**Supplied information**
----------------

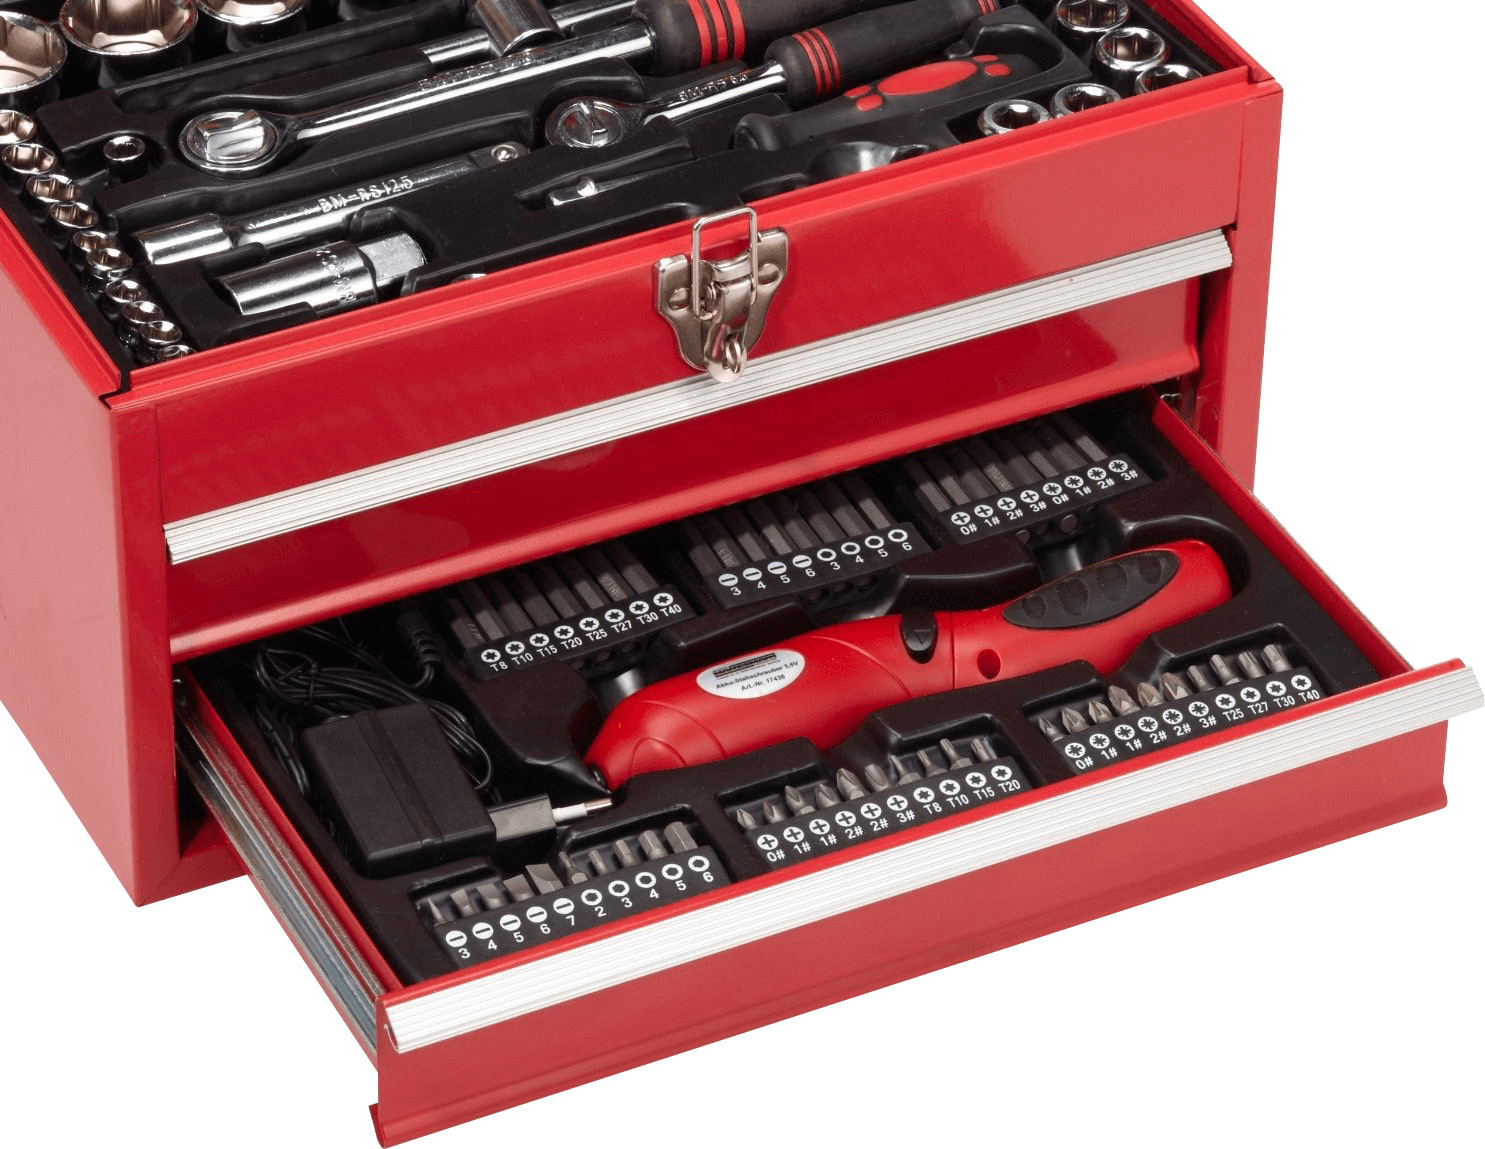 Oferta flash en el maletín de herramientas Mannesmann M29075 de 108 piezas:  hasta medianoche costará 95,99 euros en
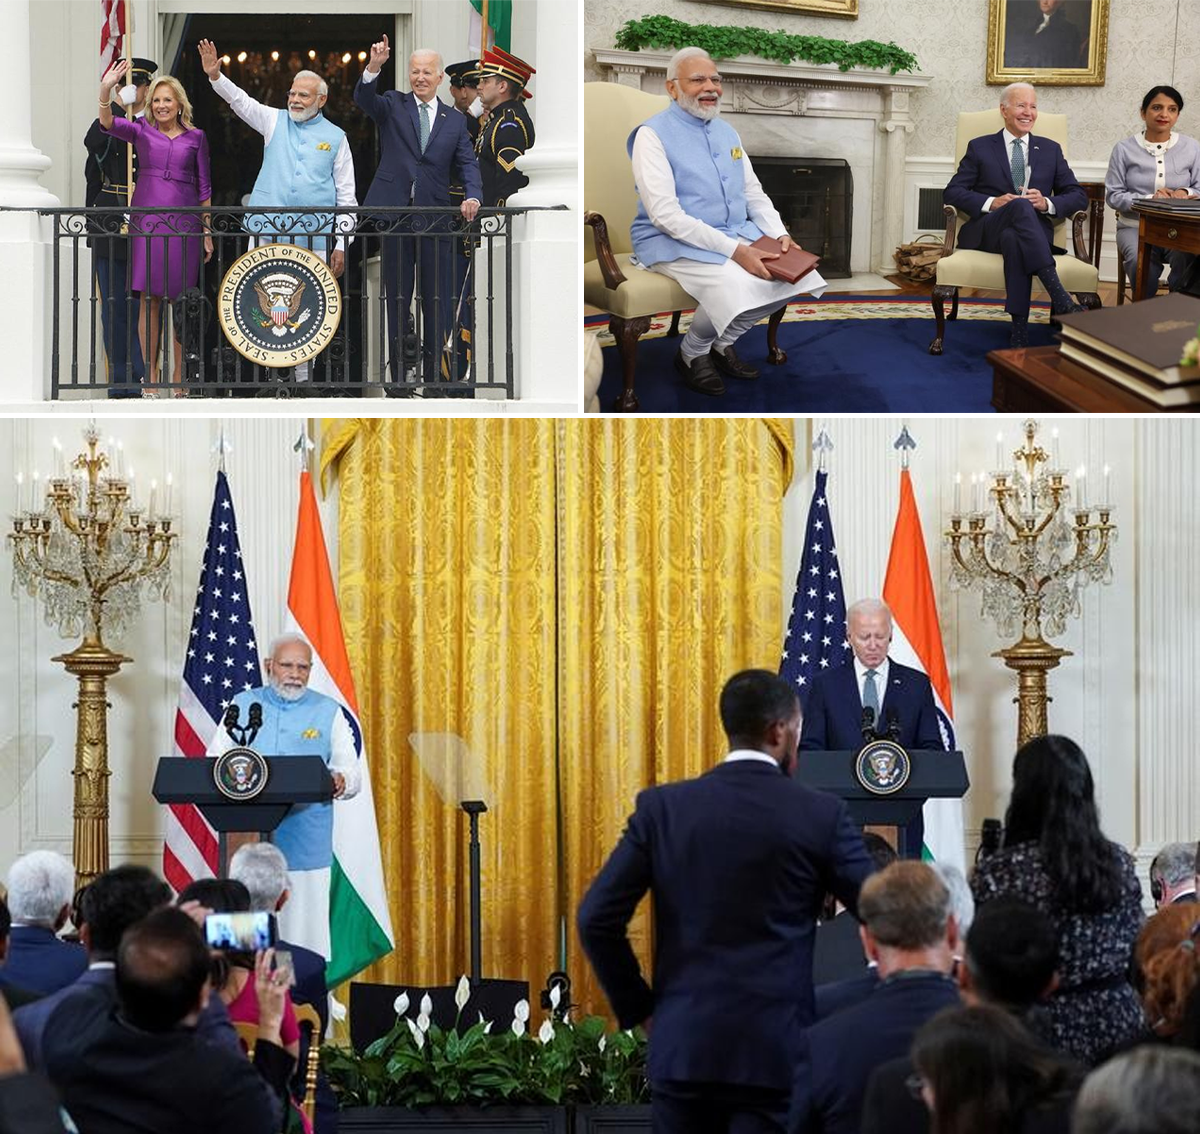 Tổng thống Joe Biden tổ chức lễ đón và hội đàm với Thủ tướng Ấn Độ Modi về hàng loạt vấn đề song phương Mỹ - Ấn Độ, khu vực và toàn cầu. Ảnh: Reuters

----------------

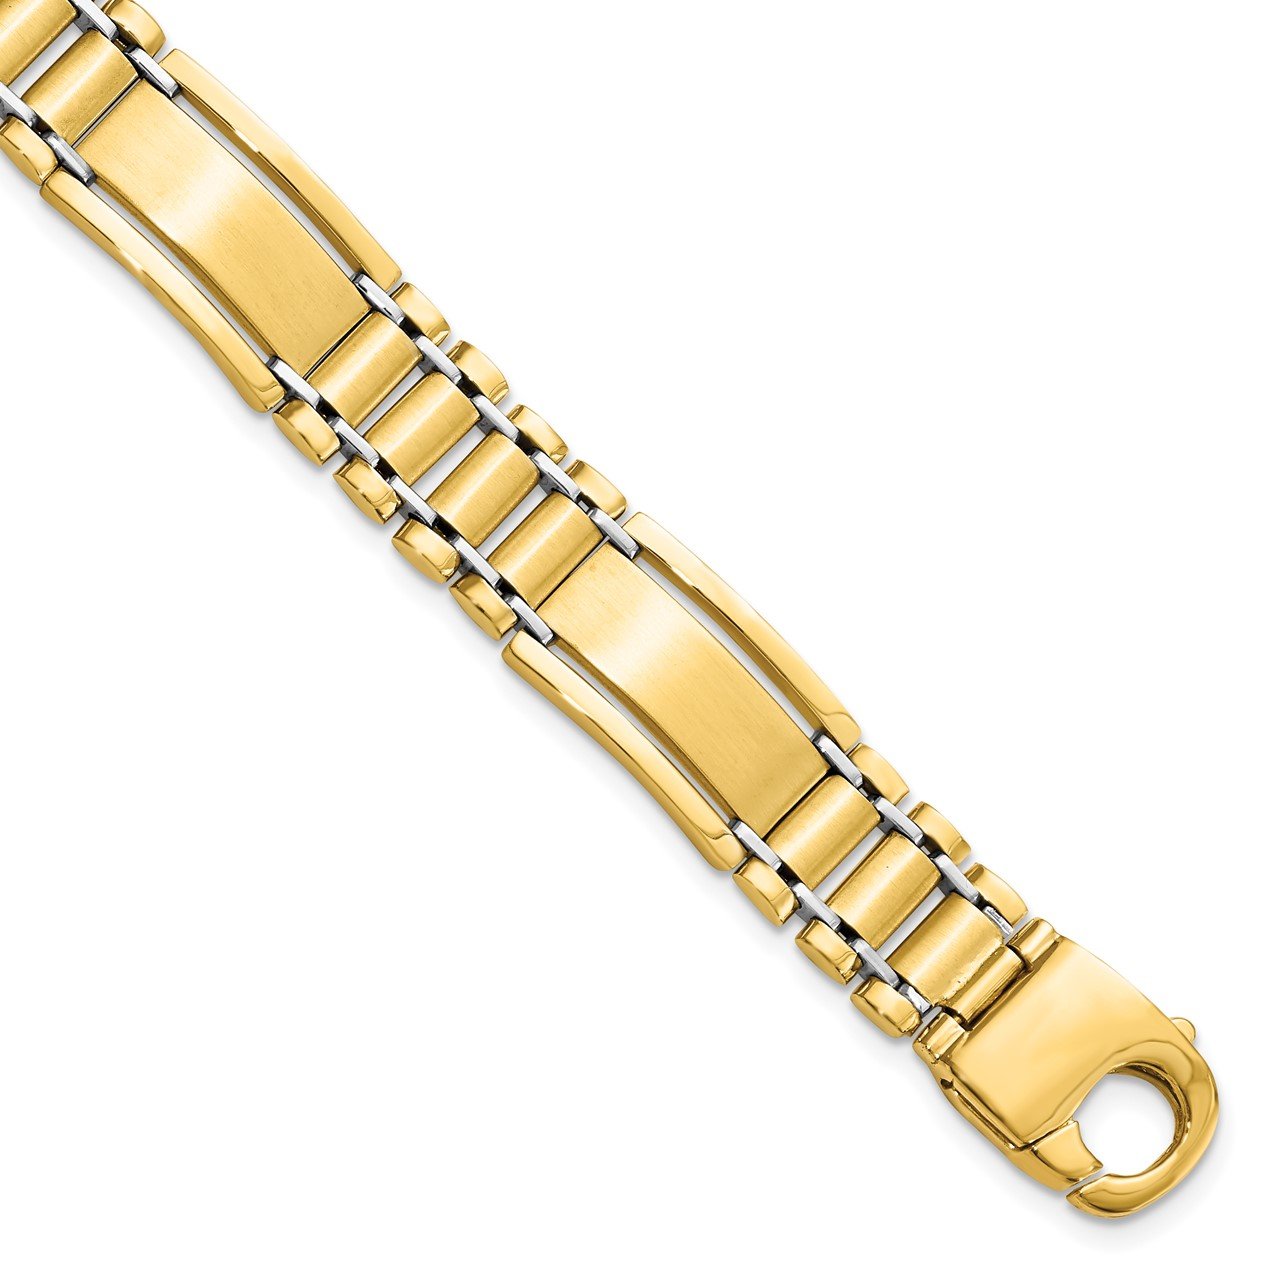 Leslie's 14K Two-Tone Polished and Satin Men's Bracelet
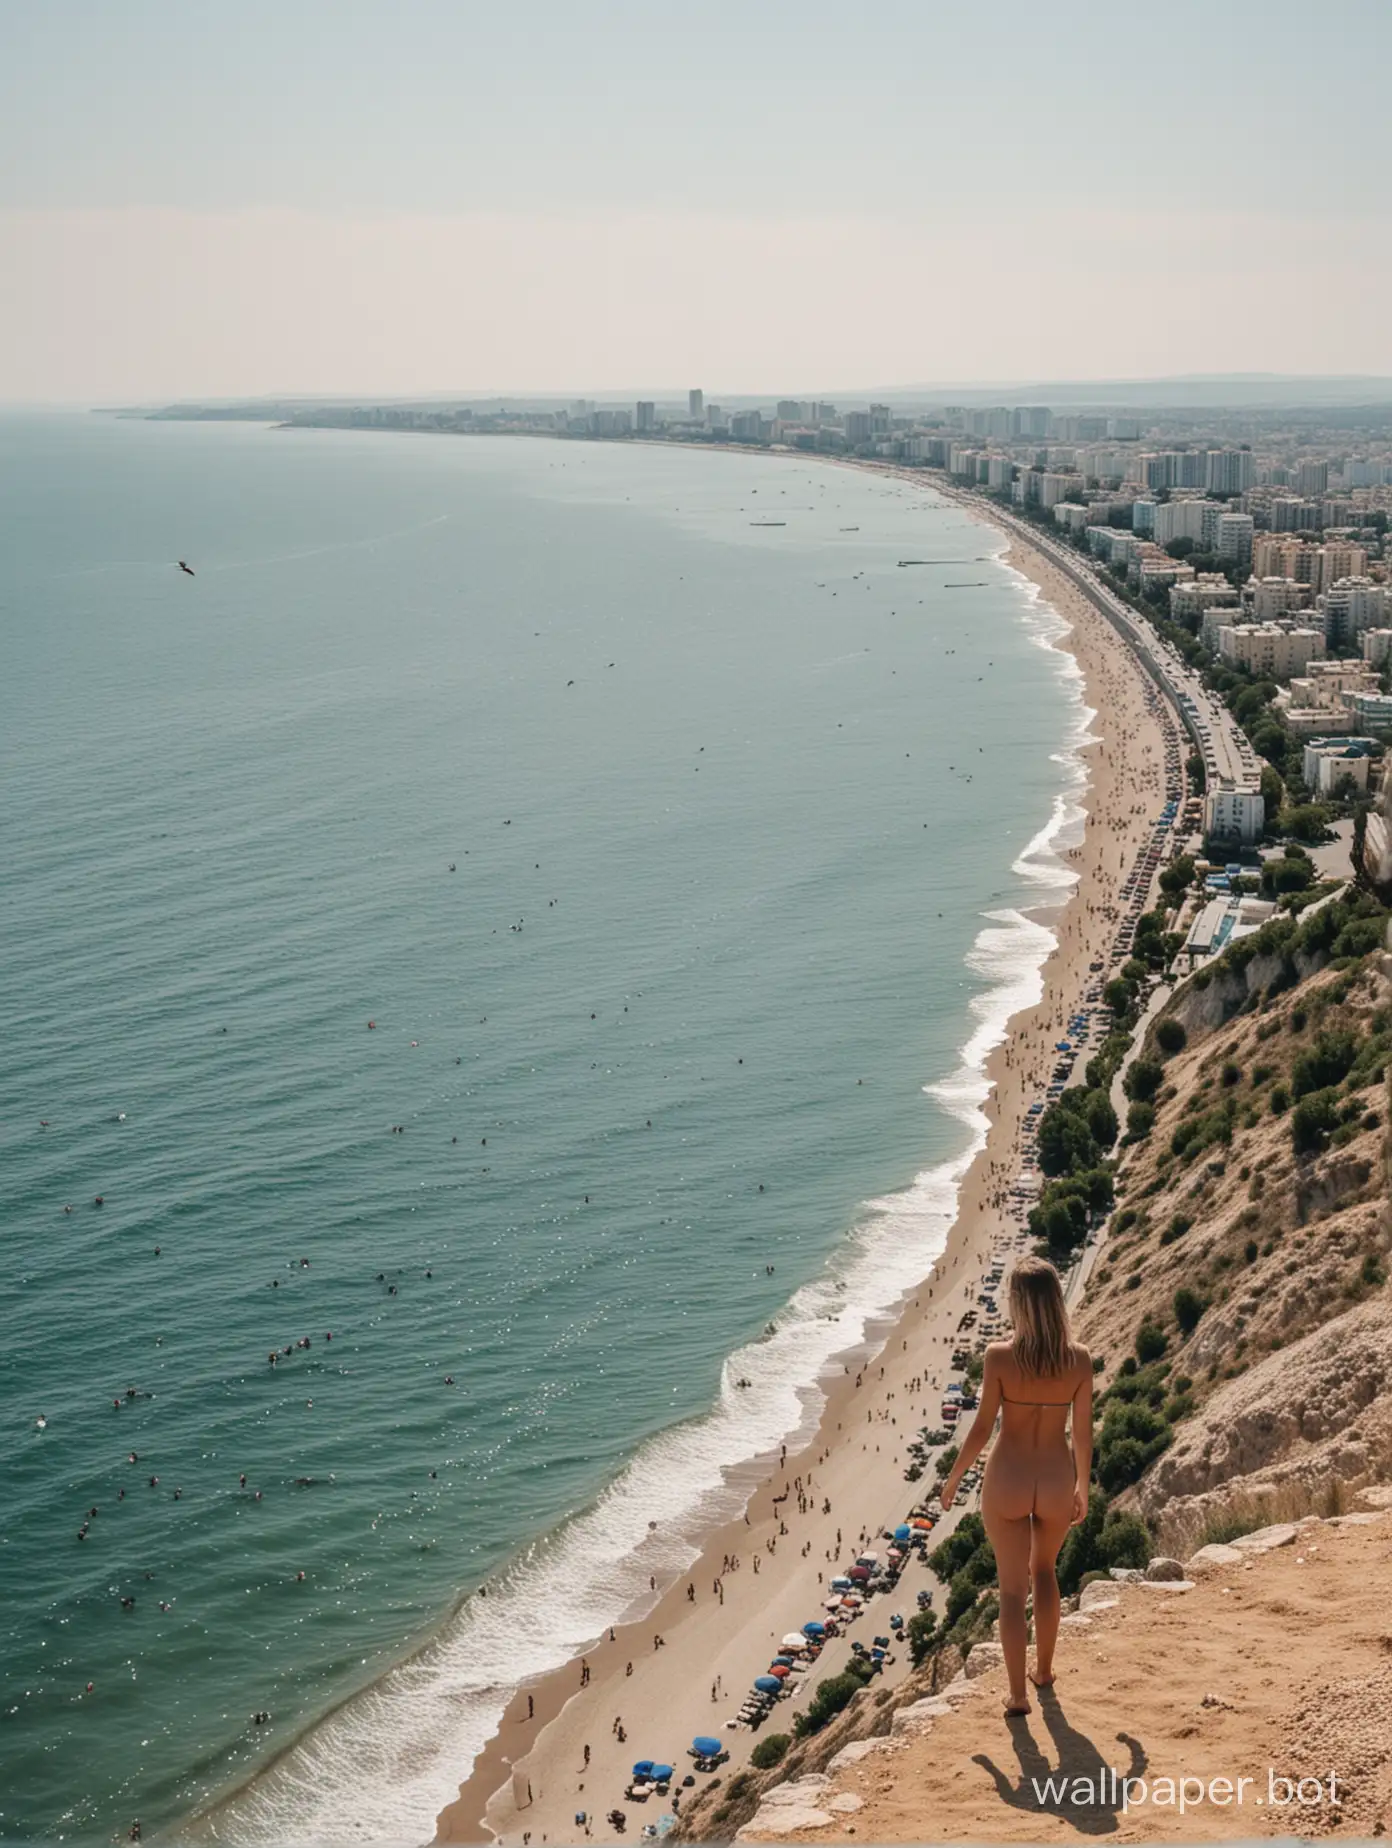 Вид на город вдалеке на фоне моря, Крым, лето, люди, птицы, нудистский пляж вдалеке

----------------

**The problem**
Return exactly the stretch above whose first line contains "Oferta flash en" and whose last line contains "Tổng thống Joe", and nothing outside it. The pictures should not appear.

**Exercise answer**
 Oferta flash en el maletín de herramientas Mannesmann M29075 de 108 piezas:  hasta medianoche costará 95,99 euros en
 Tổng thống Joe Biden tổ chức lễ đón và hội đàm với Thủ tướng Ấn Độ Modi về hàng loạt vấn đề song phương Mỹ - Ấn Độ, khu vực và toàn cầu. Ảnh: Reuters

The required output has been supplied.